Steve reminds her of this while standing at the bar. Wren is off dancing, had kissed Emma when Emma offered to go get her another drink. Steve doesn’t even bring up their relationship, if you could even call it that. Emma doesn’t. He looks toward Wren and says, “She looks peaceful.” At the time, Emma takes it as him saying she’s doing something right, even if everything else is so fucked up. But later that night, when Wren is between her legs, Emma closes her eyes and sees Wren swaying on the dance floor. She isn’t so sure Steve wasn’t just talking about Wren dancing.

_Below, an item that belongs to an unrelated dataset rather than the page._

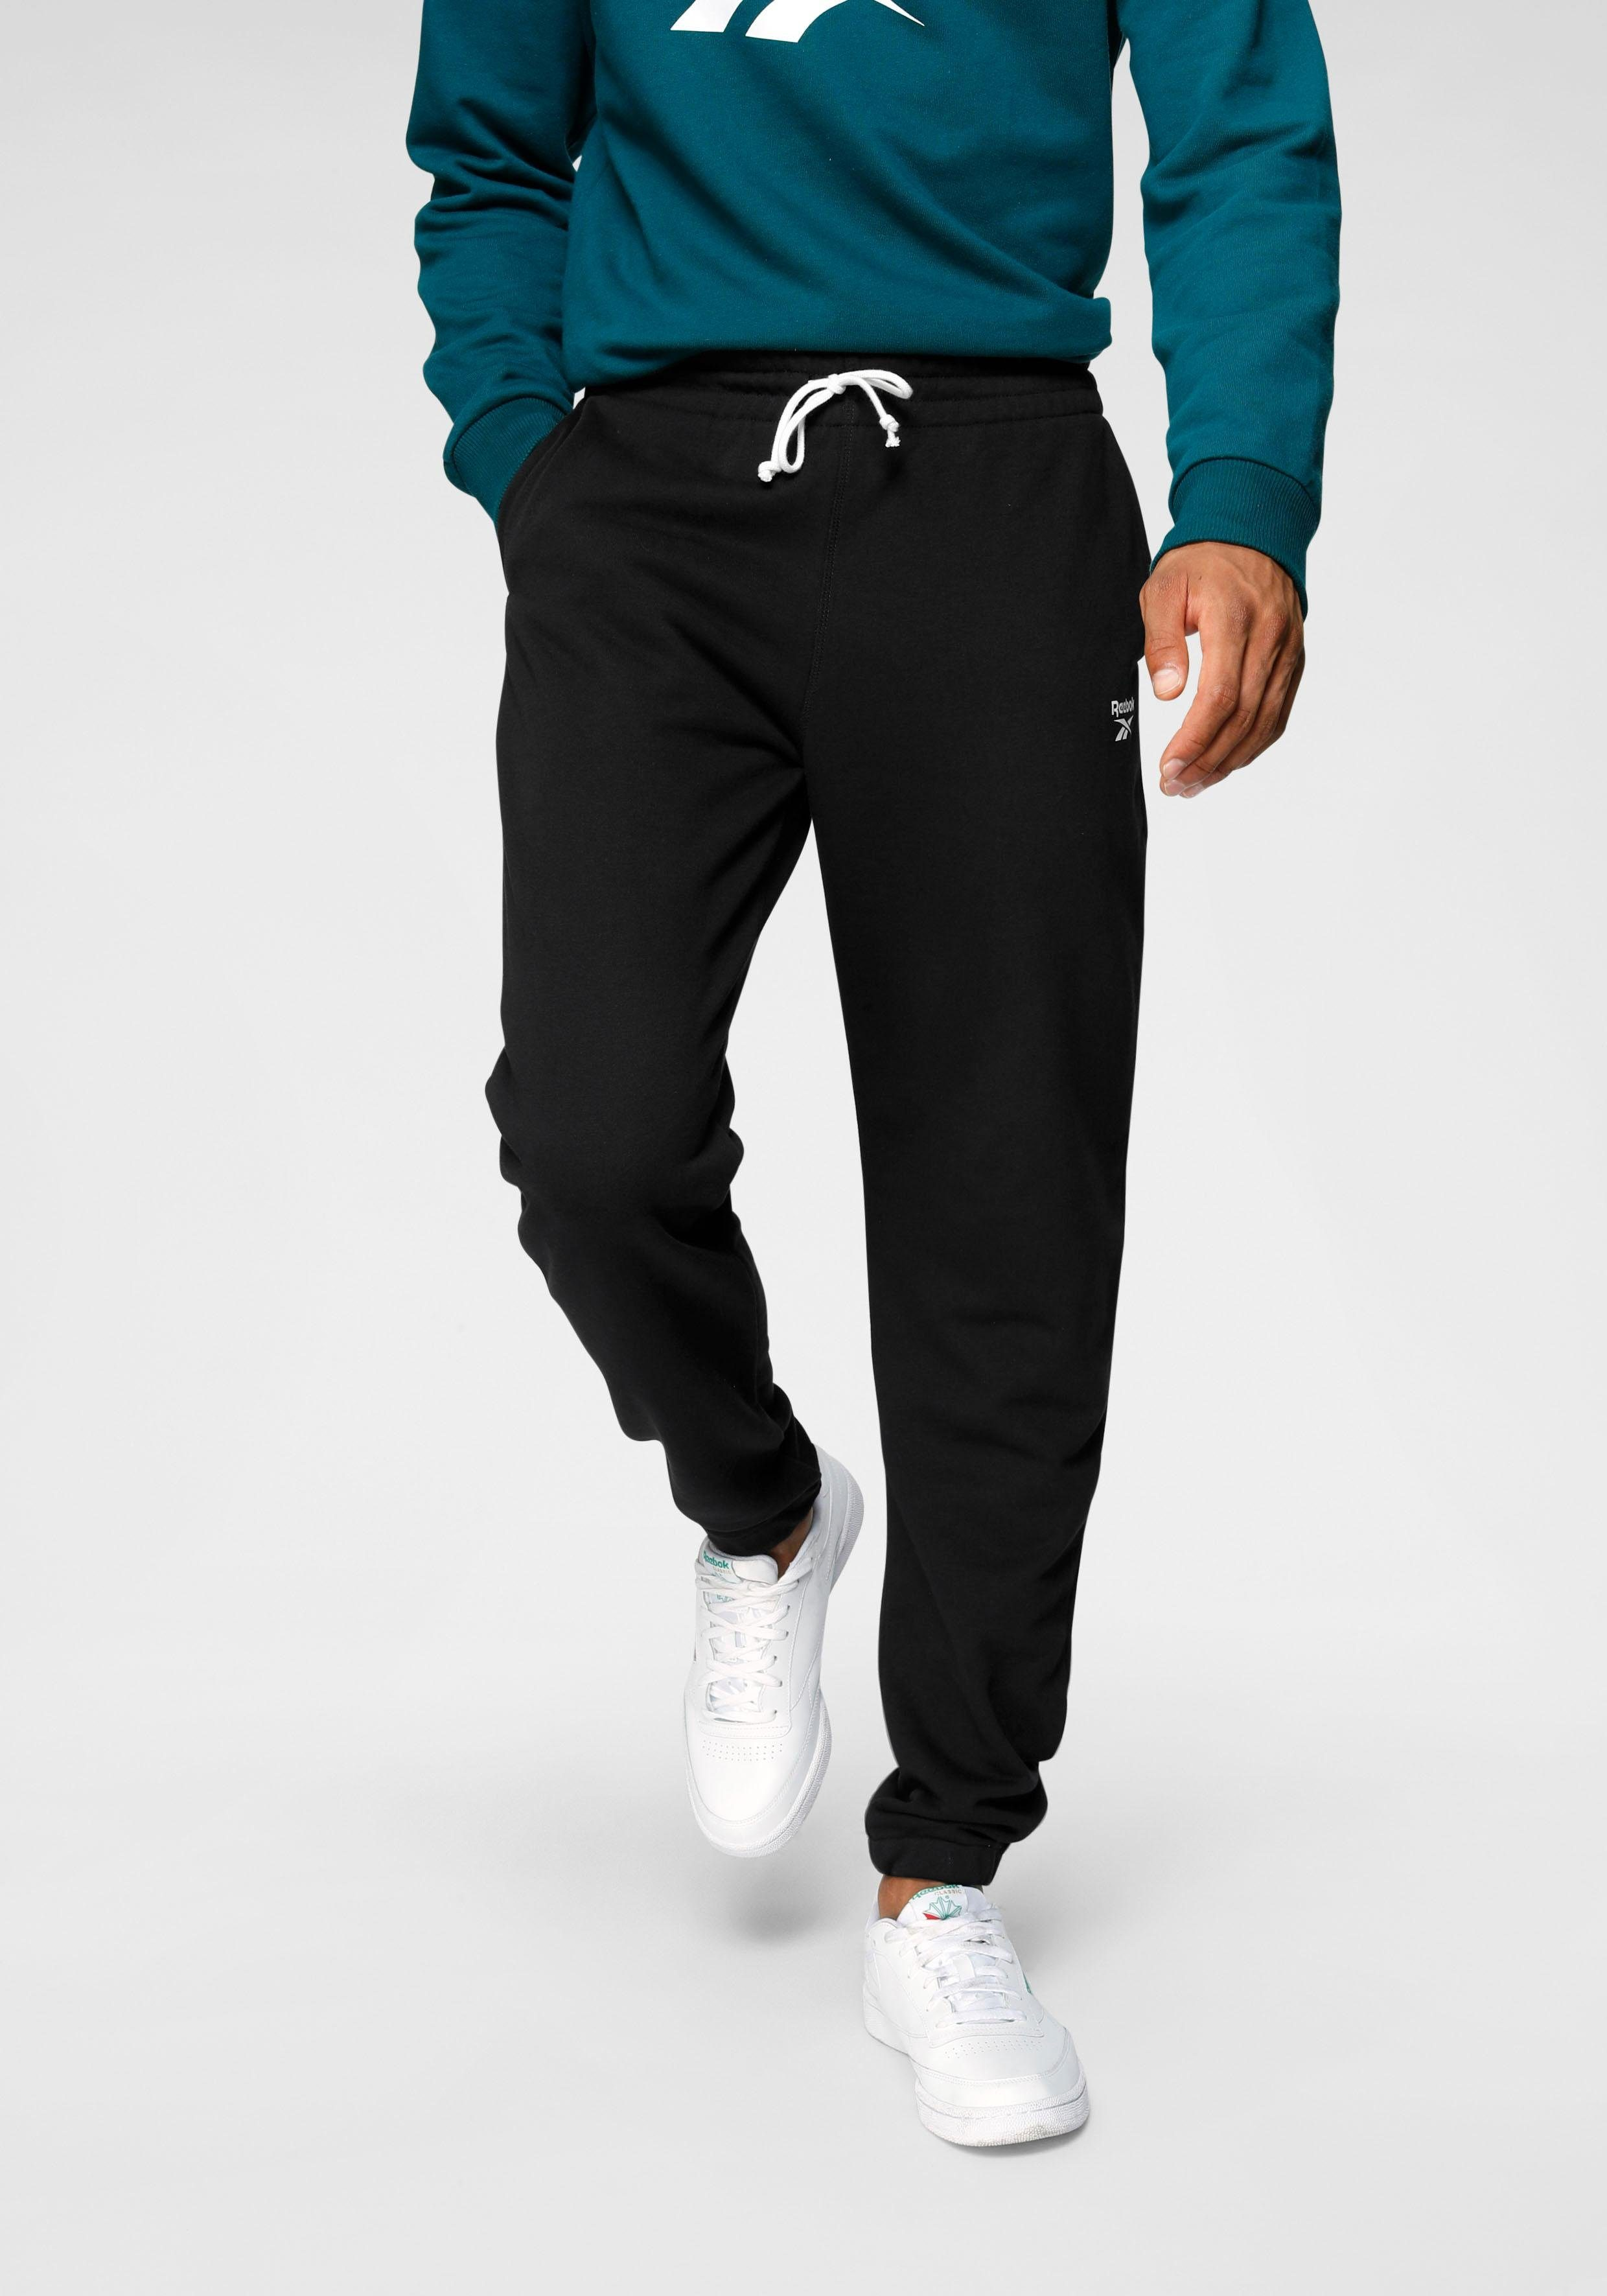 Reebok Jogginghose »TE FT CUFFED PANT«, Jogginghose von REEBOK online kaufen | OTTO
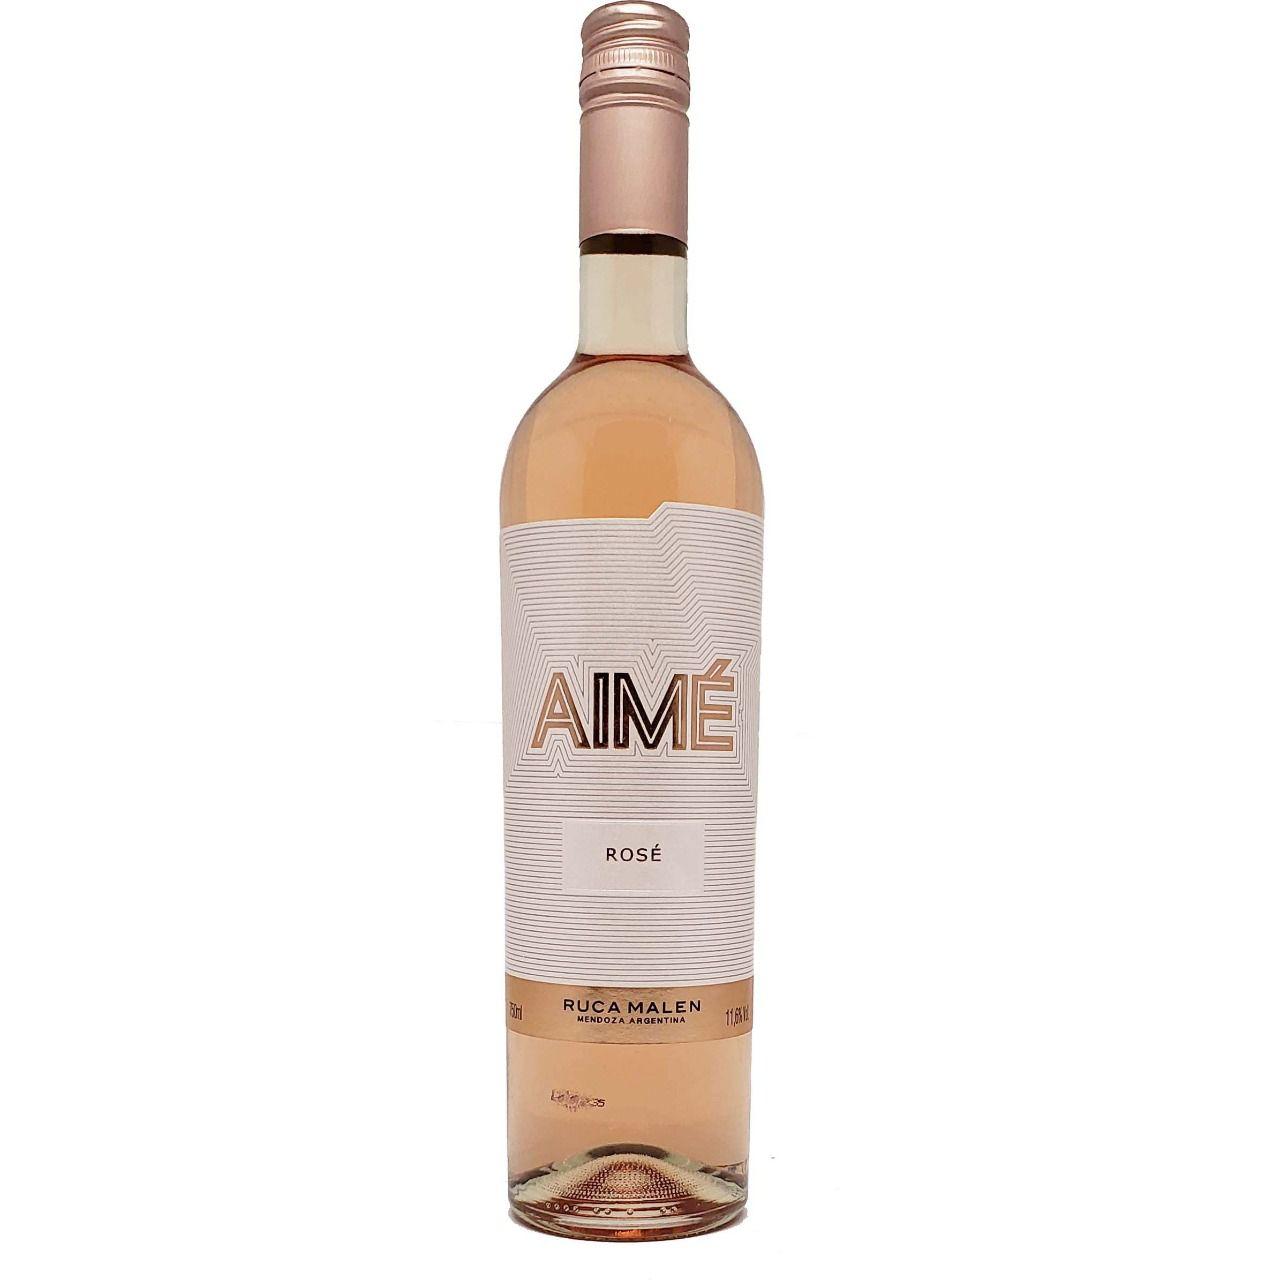 Vinho Rosé Aimé Ruca Malen - 750ml -

It starts to feel normal. The bruises that Wren hides sometimes, wears nonchalantly others. The taste of herself in her own mouth when she kisses Wren after Wren’s gone down on her. Emma even forgets to look at Cam sometimes when they’re all out. Wren doesn’t say all the words Emma needs to hear, but Wren lets her go on about her fears, like her semester of student teaching, and listens when Emma complains about the craft people who come in at work.
It’s only sometimes that Emma feels Cam’s lips on hers when it’s actually Wren kissing her. But Wren kisses her softly so rarely that Emma easily forgets those moments of weakness.
Mark and Wren go to get drinks for everyone one night and it’s the most absurd thing Emma has seen in weeks. Wren has neglected to cover her bruises at all. There aren’t many. One is noticeable on her chest, right by that long necklace, and another is on her right shoulder where Emma held her down.
Emma waits next to Cam and focuses her attention on Steve. He’s dancing like an idiot nearby. She and Cam are so the opposite of the girlfriends waiting on their doting boyfriends that Emma wants to pull her own hair out. She stares so hard at Steve, who really needs to shave his head again, that Cam has to clear her throat a second time to get Emma’s attention.
“What are you doing?” Cam asks.
“What?”
“You don’t use people, Emma. What are you doing?”
It’s the worst thing Cam can say, given the situation. Cam, her friend who hasn’t noticed much of anything about Emma in the last few months, who didn’t notice her losing weight and then returning to a normal weight. Cam, her friend who now only sees how she’s using someone. Cam saying it puts it all out in the open. Every bruise, every night Emma showed up unannounced. Emma can’t stop the tears that spring forth, but she refuses to let them fall.